Directions — Exact copies of the lines from the one with "Nike Men's Red" through the last line of the entries, and no pictures, make up the answer.

--- Given data Enclosed Below ---

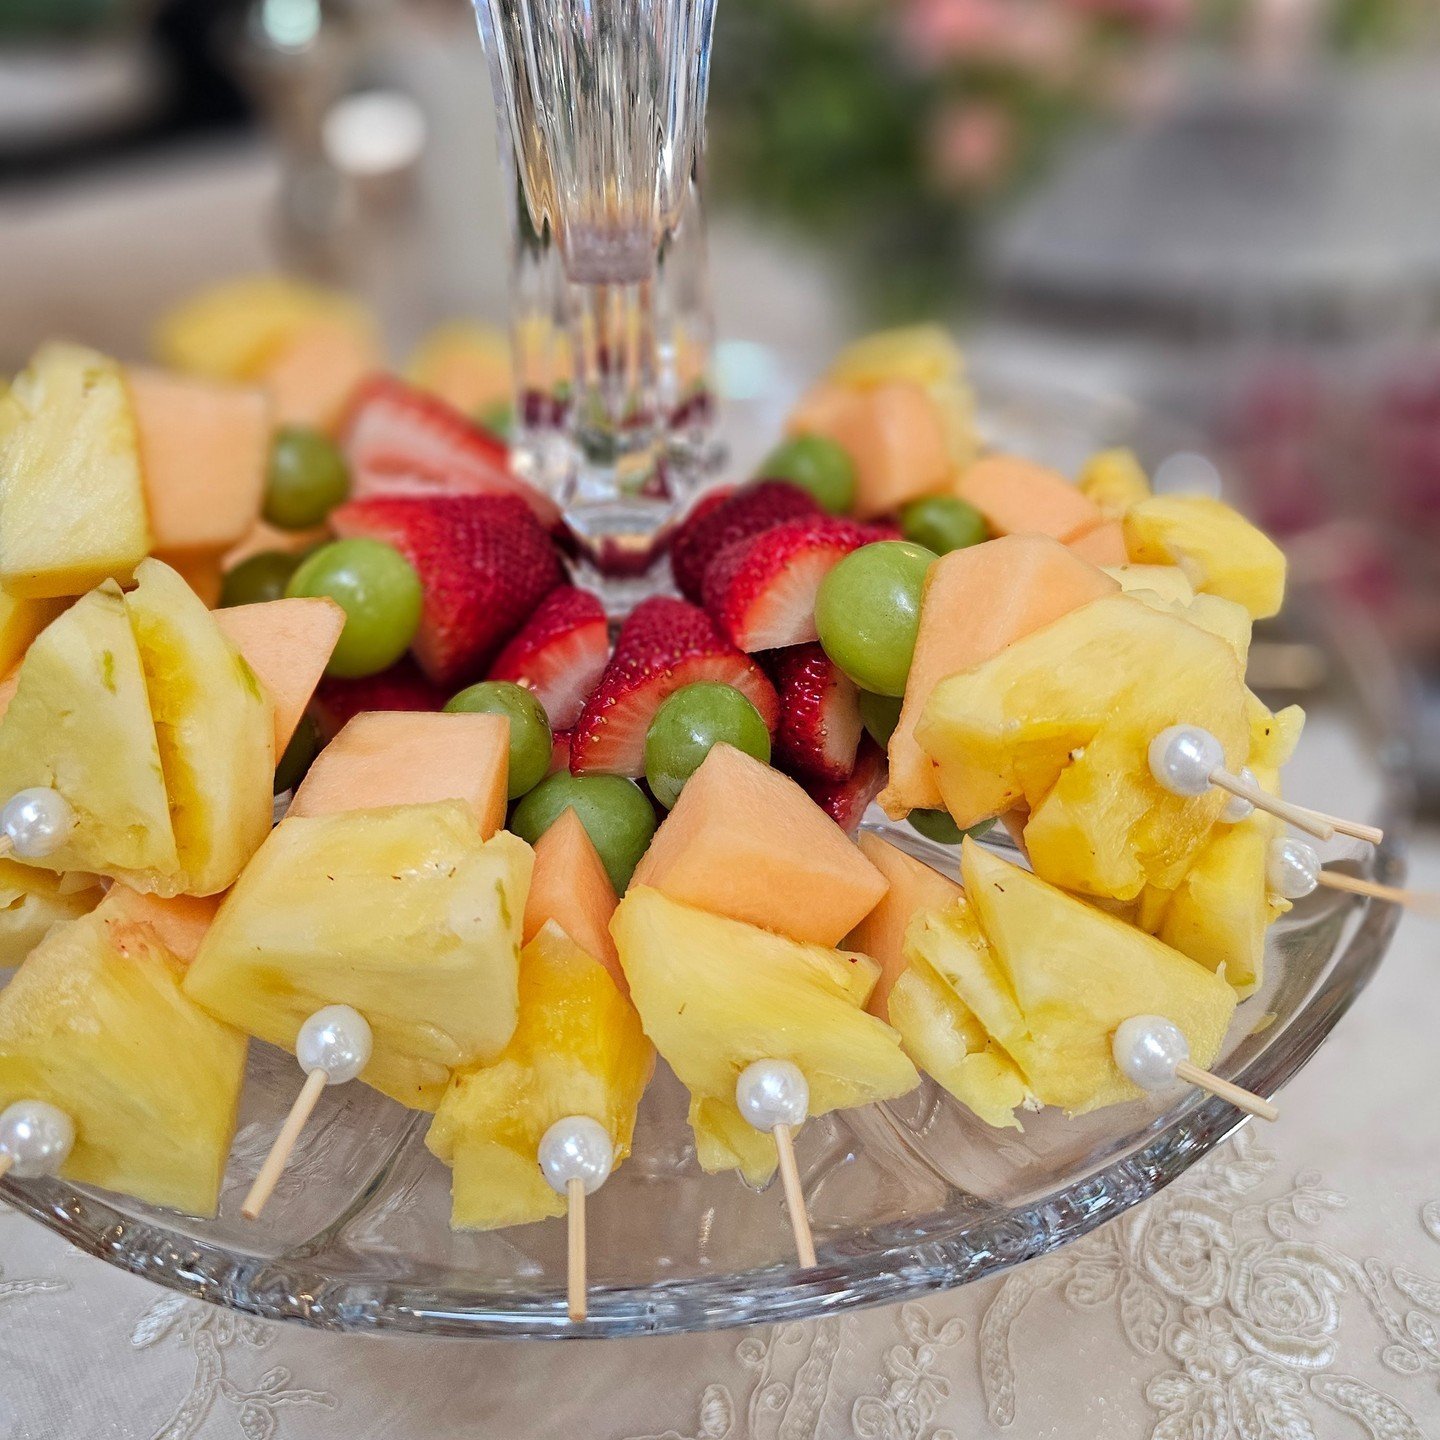 🍓 Satisfy your sweet cravings with the freshest fruits at your next event! From succulent strawberries to juicy watermelon, we prepare the most perfect &amp; delicious fruit platters to add a burst of flavor to your special occasion. 

Elevate your 
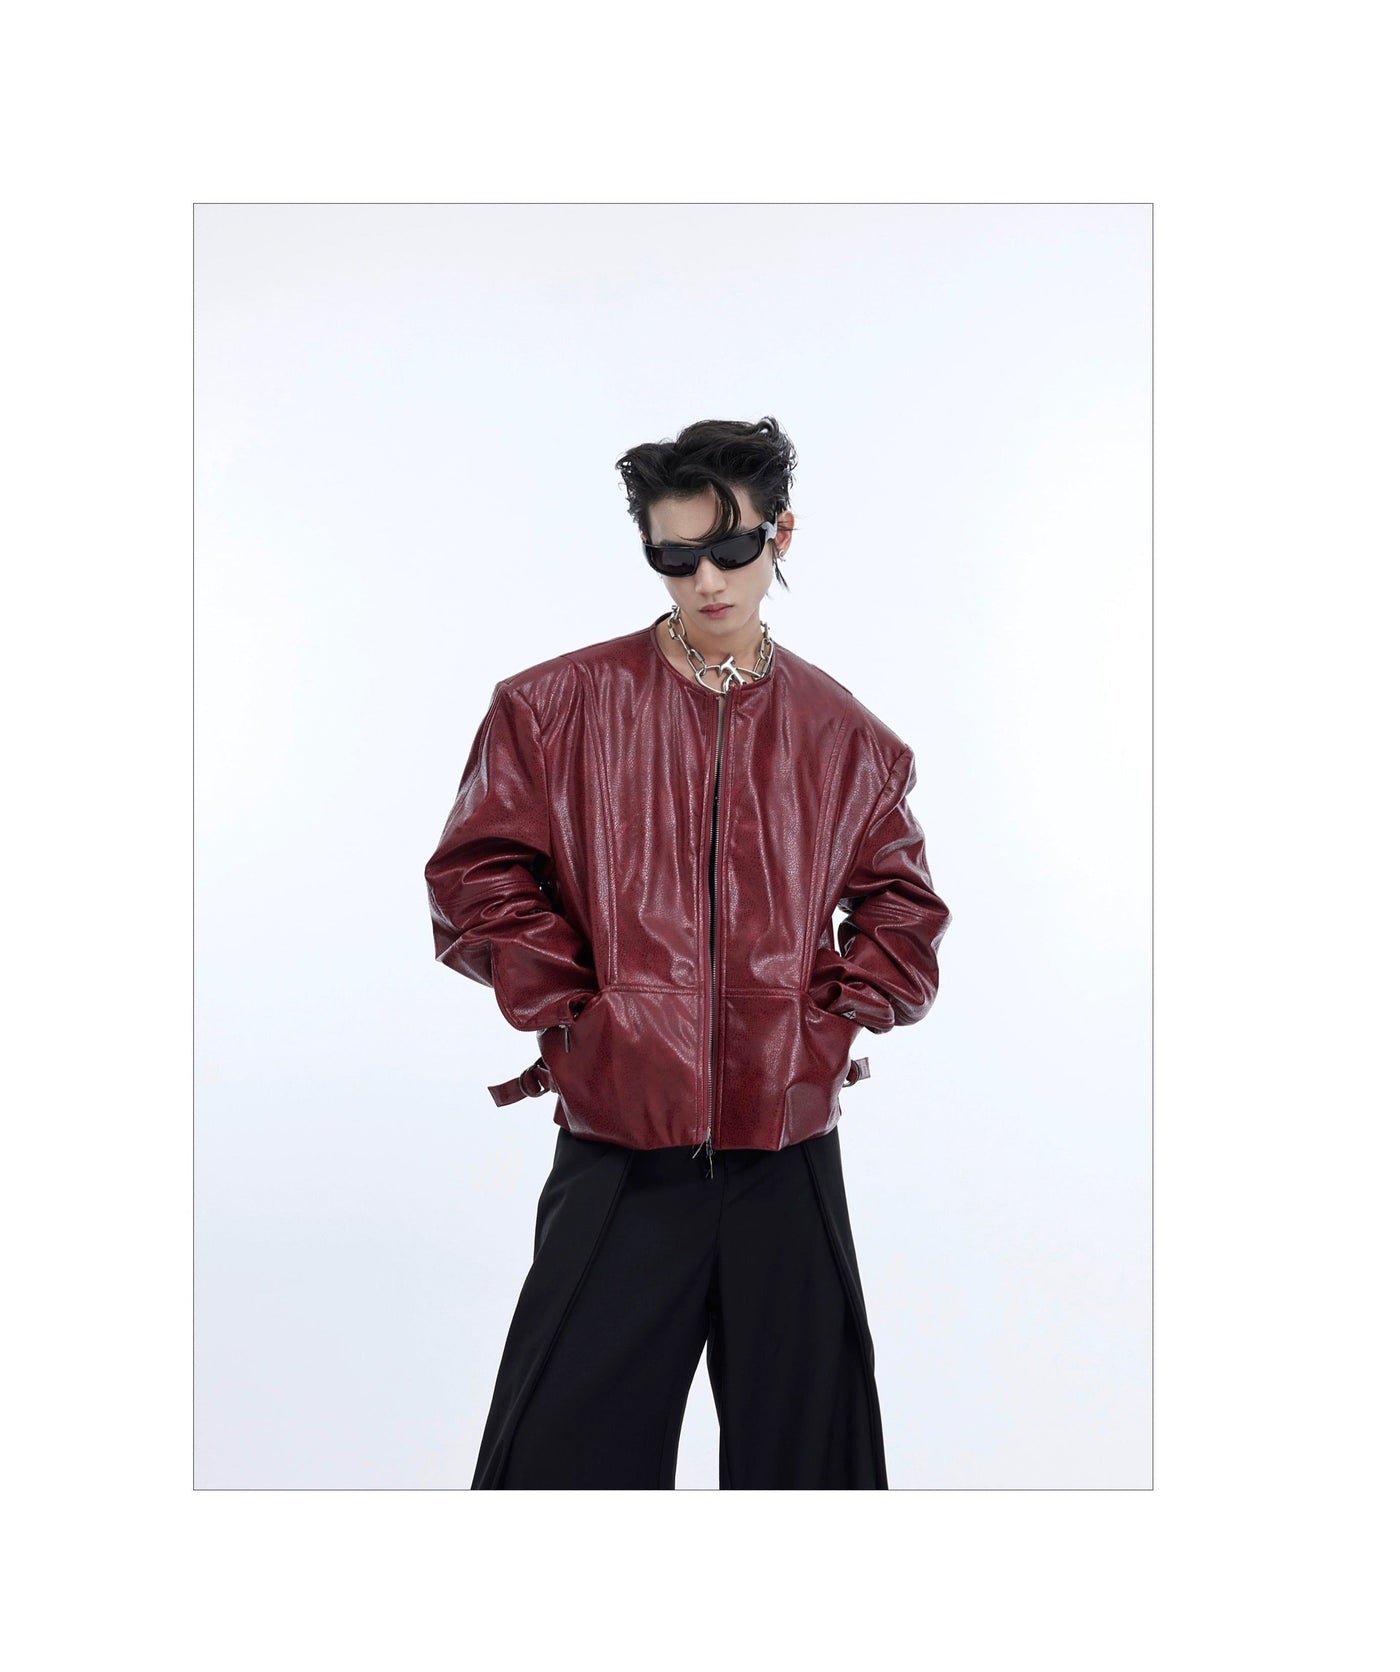 Textured and Zipped PU Leather Jacket Korean Street Fashion Jacket By Argue Culture Shop Online at OH Vault
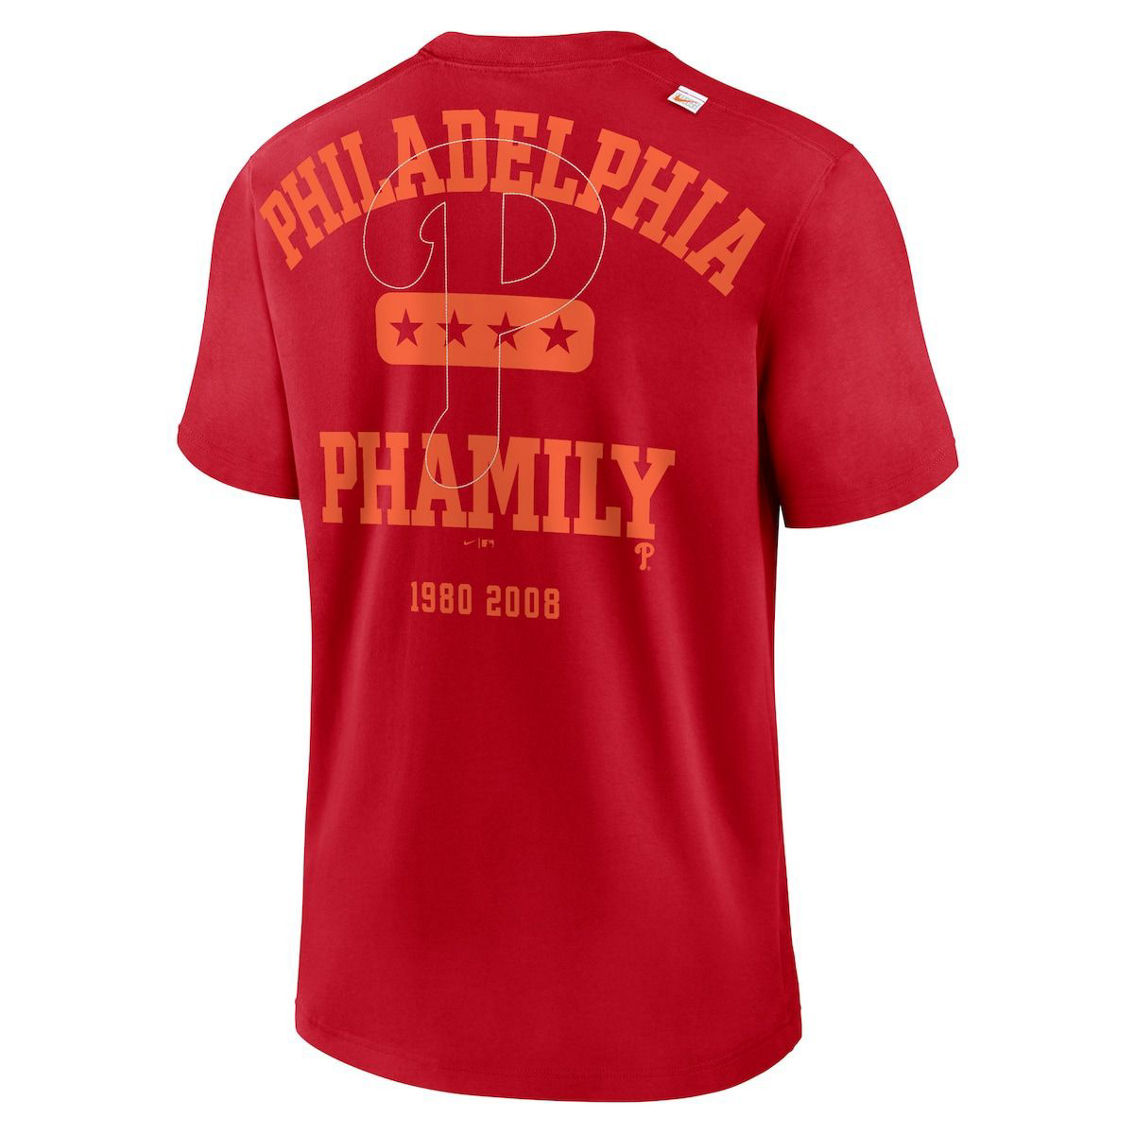 Nike Men's Red Philadelphia Phillies Statement Game Over T-Shirt - Image 4 of 4
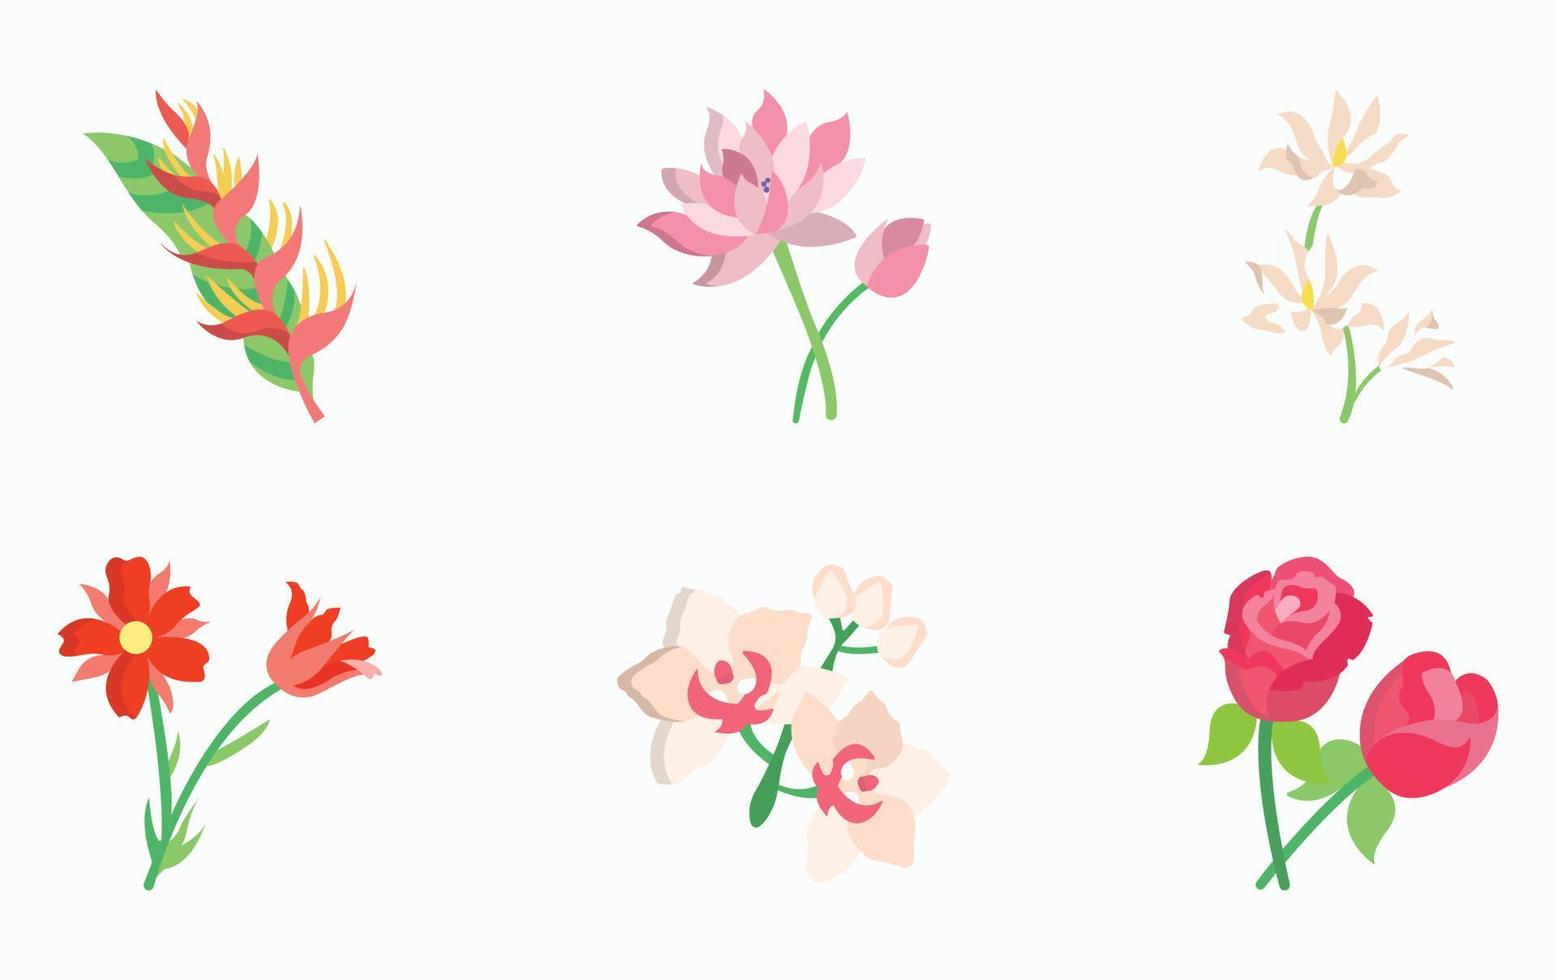 Flowers and petals icon set vector

--- End of Enclosed Given data ---

Result below —
 Nike Men's Red Philadelphia Phillies Statement Game Over T-Shirt - Image 4 of 4
 Flowers and petals icon set vector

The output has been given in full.